This is not surprising, as the horn shape of the aurochs probably had a purpose. Their strong inwards-curve enabled the bovine to push and pull the opponent during a fight, and the fact that they faced forwards and not upwards or downwards was likely functionally advantageous as well. If the horn shape of the Heck cattle in the reserve is indeed evolving, which can only be proven by gathering photos of individuals from the early years till today, it would endorse the following thoughts: 

1. the horn shape in cattle/aurochs has a function and the horn shape of the aurochs was not a coincidence

2. This has an impact on the evolutive fitness of the individuals (the more functionally advantageous the horn shape the higher the likelihood to win an intraspecific combat for breeding rights, feeding grounds etc.)

3. Eventually, the wildtype horn shape will develop in a cattle population that is exposed to natural selection, especially intraspecific selection 

The more genetically diverse the population, the faster the changes evolve (Fisher's fundamental theorem). Since Heck cattle is a mosaic breed based on many different cattle breeds, the wide range of phenotypes displayed by the individuals might have enabled the adaption process to become visible quite fast. 

I postulated that natural selection will make a variable cattle population in the wild more aurochs-like because wildtype traits are functionally advantageous multiple times on my blog, and I think these recent photos of Heck bulls at the Oostvaardersplassen reserve endorse this idea when you compare them with earlier individuals of the same population. In my opinion, the Heck cattle at this reserve are a valuable example for dedomestication. 

It is no secret that the original founding population of the Heck cattle at the Oostvaardersplassen, being ordinary Heck cattle from various locations, were not prime examples for aurochs-likeness. Yet, natural selection produced at least partly aurochs-like horn phenotypes after 40 years of intraspecific competition. This fits my idea that natural selection will "refine" any "breeding-back" product once released into the wild - if it worked on the mediocrely aurochs-like founding population of Oostvaardersplassen, imagine what kind of phenotypes might be produced by 40 years of natural selection with more aurochs-like cattle. 

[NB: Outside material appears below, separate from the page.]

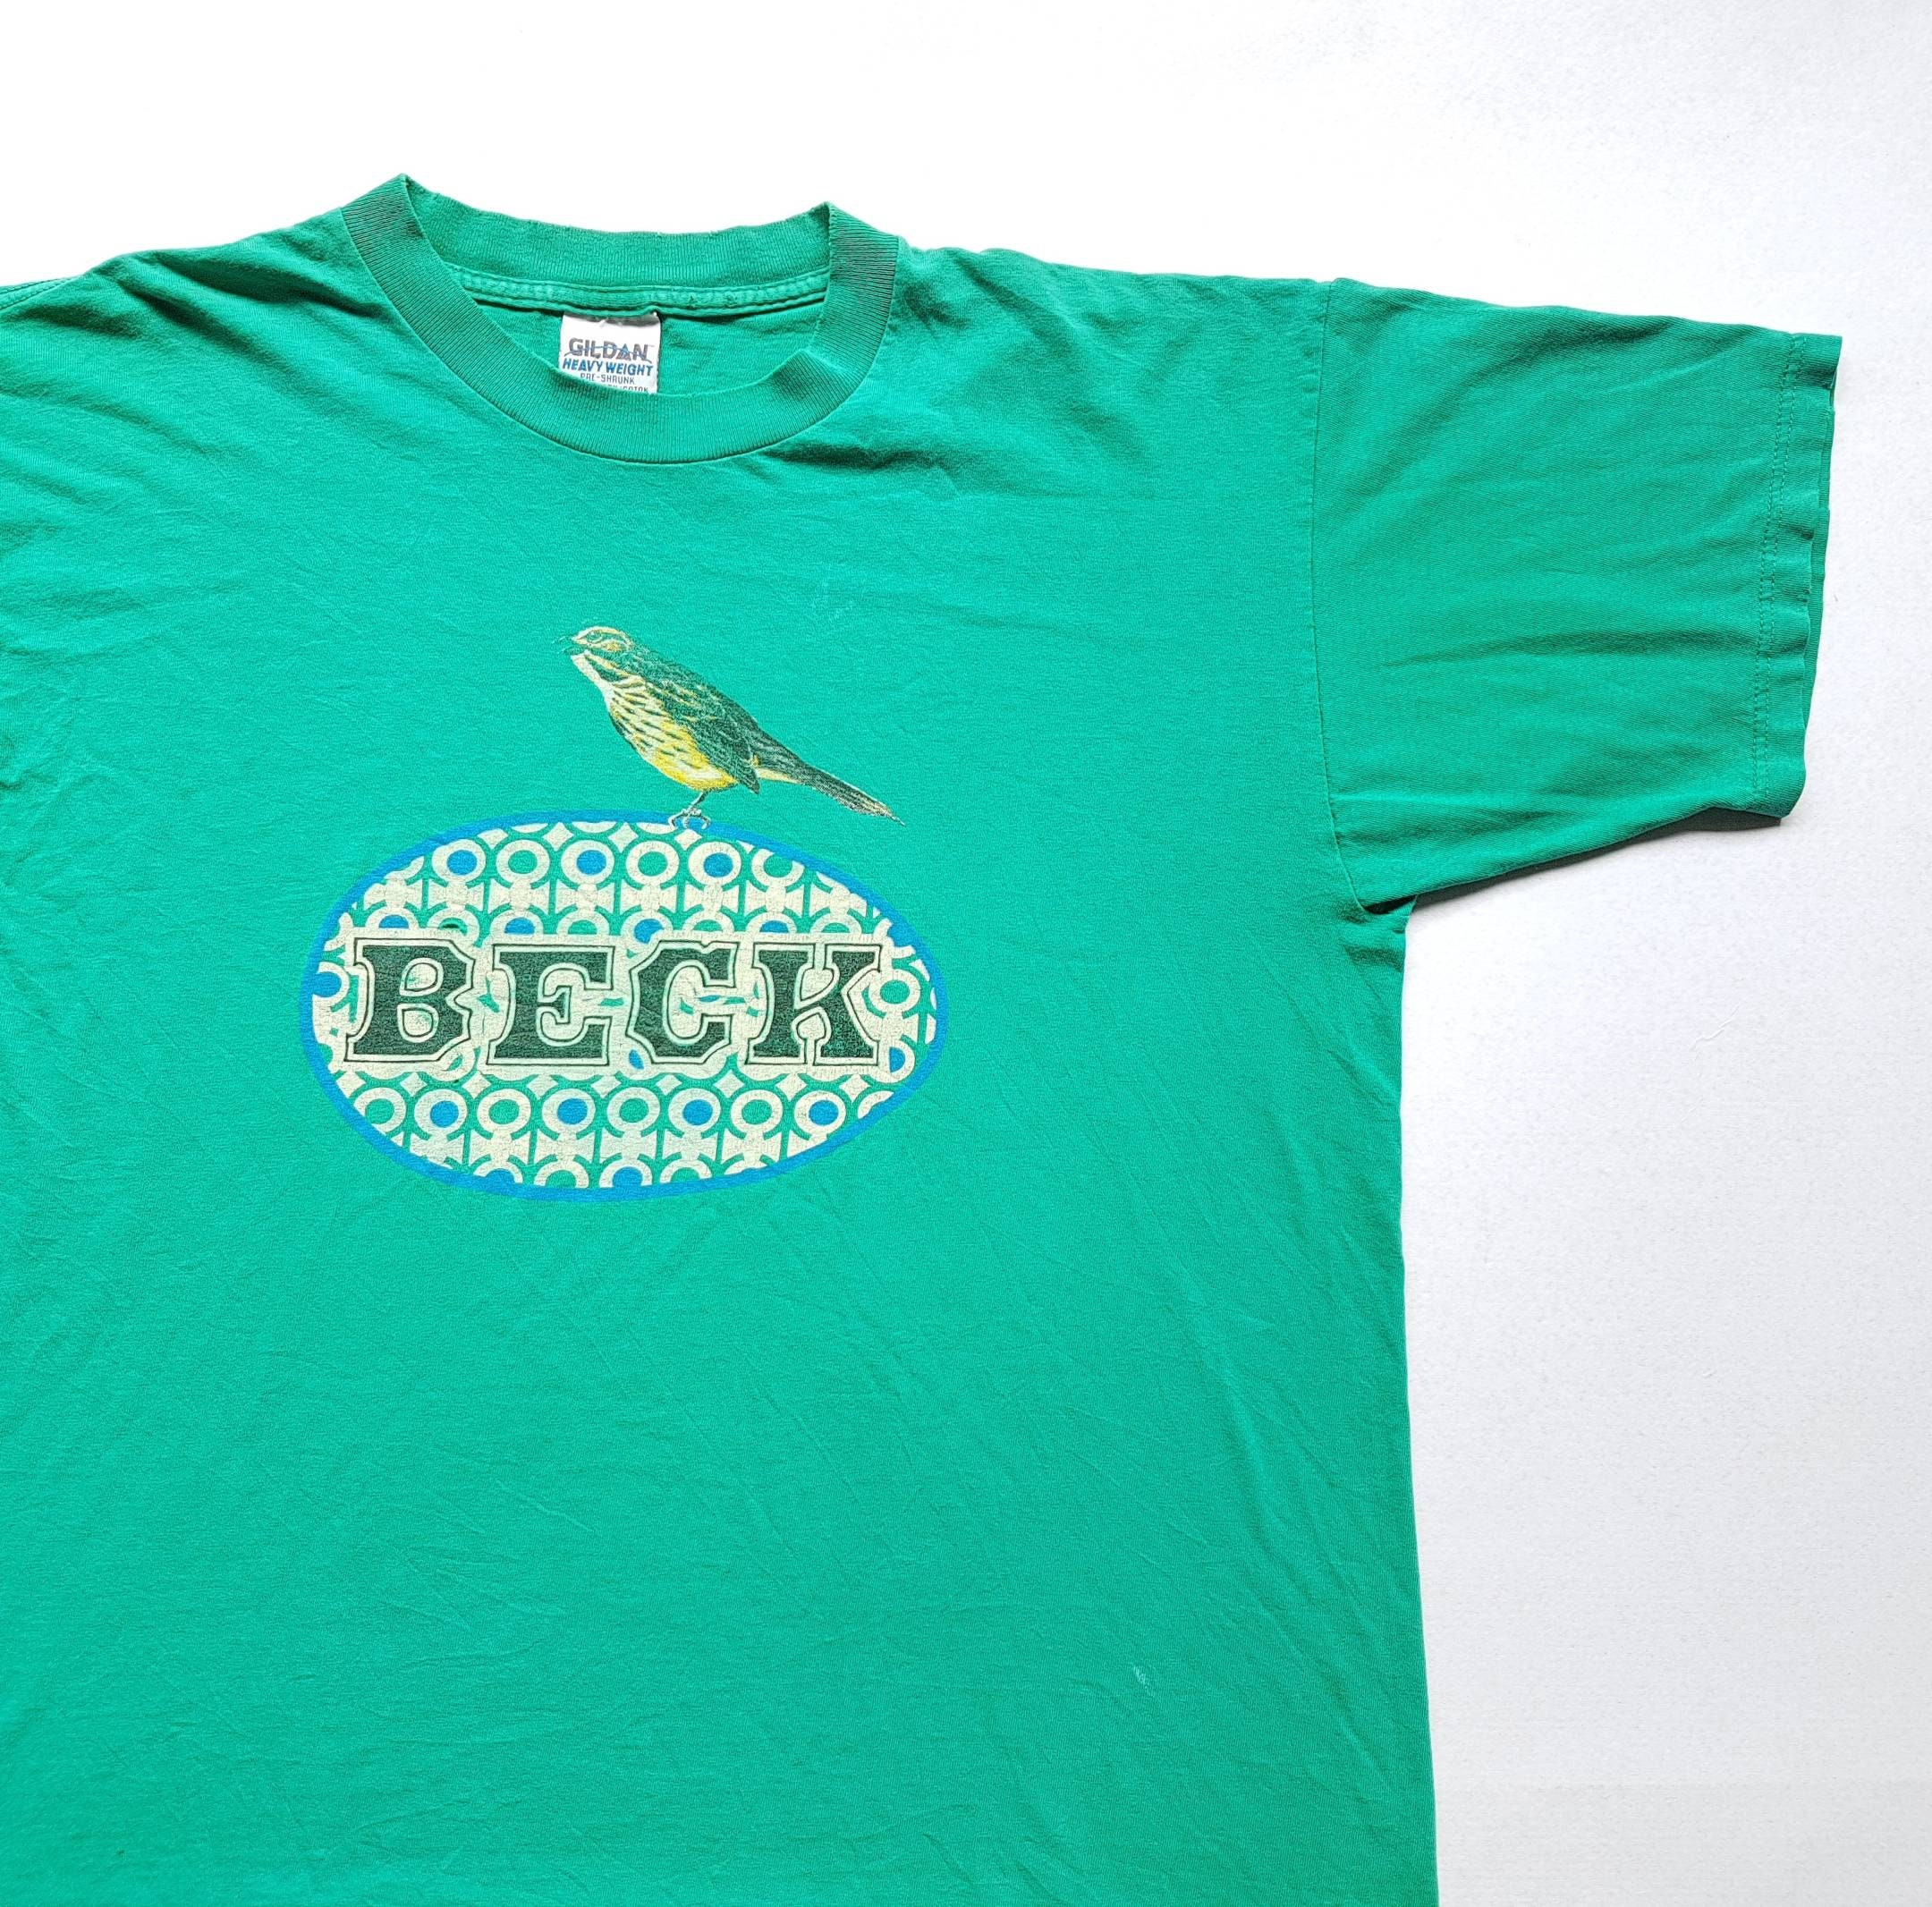 Vintage 90's Beck Odelay T Shirt size XL W 24 x L 28.5 - Etsy 日本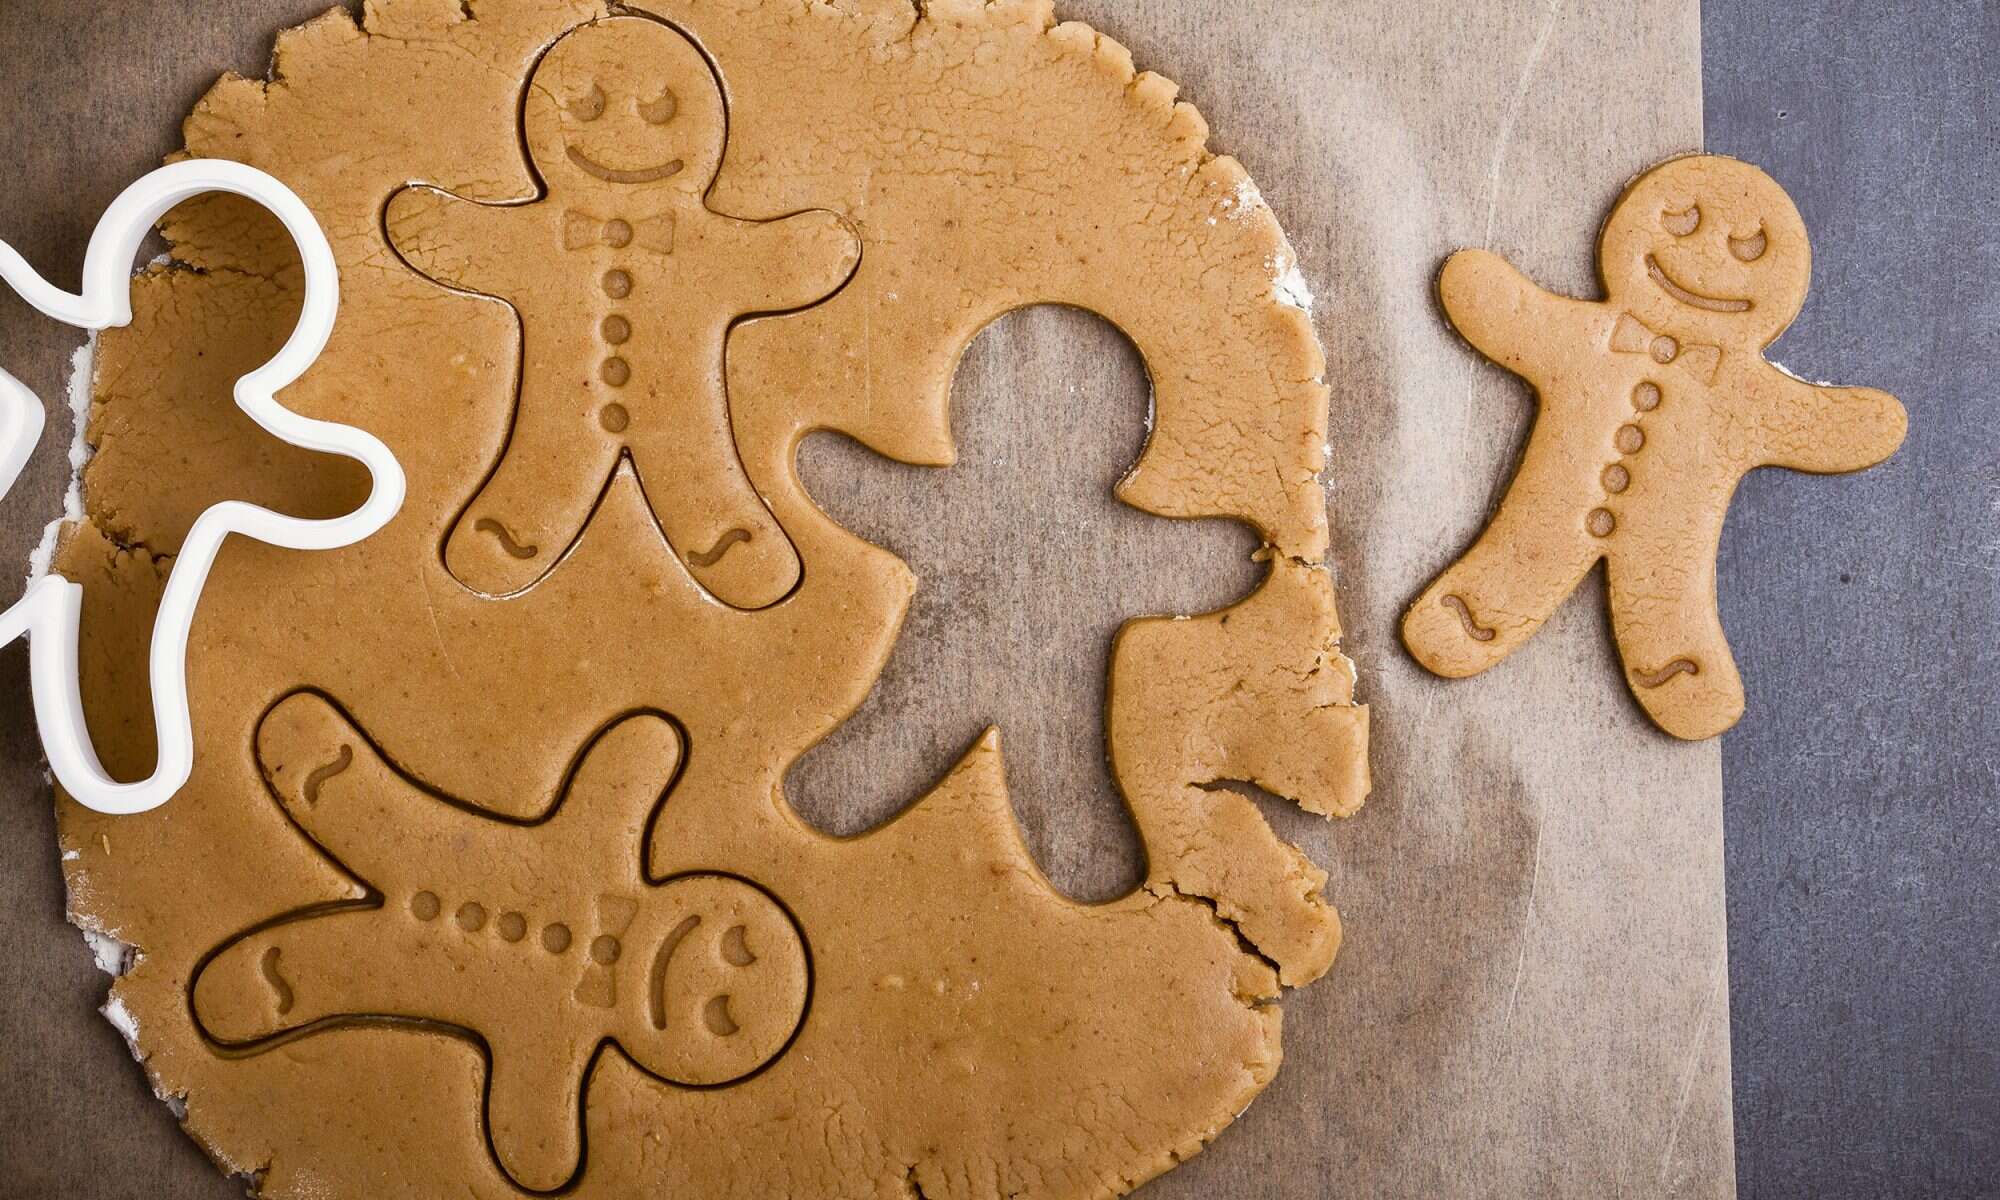 gingerbread man original story grimm

Which horses should be used for a reintroduction in Europe's nature?

The discussion which horse breed or type is closest to the European wild horse and which horses should be used for a reintroduction of the species into European nature systems is sometimes carried out rather controversially and is sometimes needlessly emotionalized. In recent years, a variety of horse landraces have been used for “rewilding”, including the Konik pony, the Exmoor pony, the Garrano pony, the Hucul, Retuerta, Sorraia and the Bosnian Mountain horse. Some of them have popular background stories that claim they are, respectively, the most recent descendants of the European wild horse – none of these popular background stories are scientifically tenable. That does not make those breeds any more, or any less, suitable for natural grazing projects or even establishing truly feral populations. The Konik pony and the strongly Konik-influenced Heck horse are most frequently used in natural grazing and “rewilding” projects, probably due to their scientifically untenable reputation of being wild horses, recent wild horse descendants or phenotypic copies of the European wild horse. However, the range of pony or horse breeds used in “rewilding” is slowly diversifying. Currently, the only place in Europe where horses live completely free of human influence (except for poaching, unfortunately) is the Chernobyl exclusion zone, where a population of about 100-200 Przewalski’s horses thrives. They also happen to be true wild horses instead of domesticates. But which type of horse should be used for a reintroduction of Equus caballus into European wilderness?

One of the problems we face when trying to resolve that question is, apart from all the confusion that the mythologized breed origin stories of certain landraces have created, that we do not know how the wild horses in Europe exactly looked like. Not a single complete skeleton of a Holocene, predomestic European wild horse has been described so far. It is likely that it had the robust pony morphology with a thick head, as this morphotype is found in the closely related Przewalski’s horse and Pleistocene wild horse skeletons from Europe. But we do not know the morphology for sure. What is much more certain is the colour phenotypes, as the colour loci of ancient DNA samples from European wild horses have been tested for the respective alleles. It turns out that during the early and middle Holocene, both bay dun (the colour of the Przewalski’s horse) and black dun (the colour found in Koniks, Hucule and Sorraias) were found in European wild horses. During the later Holocene, however, black dun became the prevalent phenotype as a//a is the prevalent genotype found in the ancient samples [1]. It is also possible that non-dun wild horses existed in Europe, but the Dun locus has not yet been tested in European wild horse samples. I believe that it is likely that dun was prevalent (go here). A tricky question is the mane of Holocene European wild horses. All wild equines today have a standing mane, while hanging manes are found exclusively in domestic horses and donkeys. Nowadays I think it is much likelier that European wild horses had a standing mane as all other living wild equines do (go here for a post). 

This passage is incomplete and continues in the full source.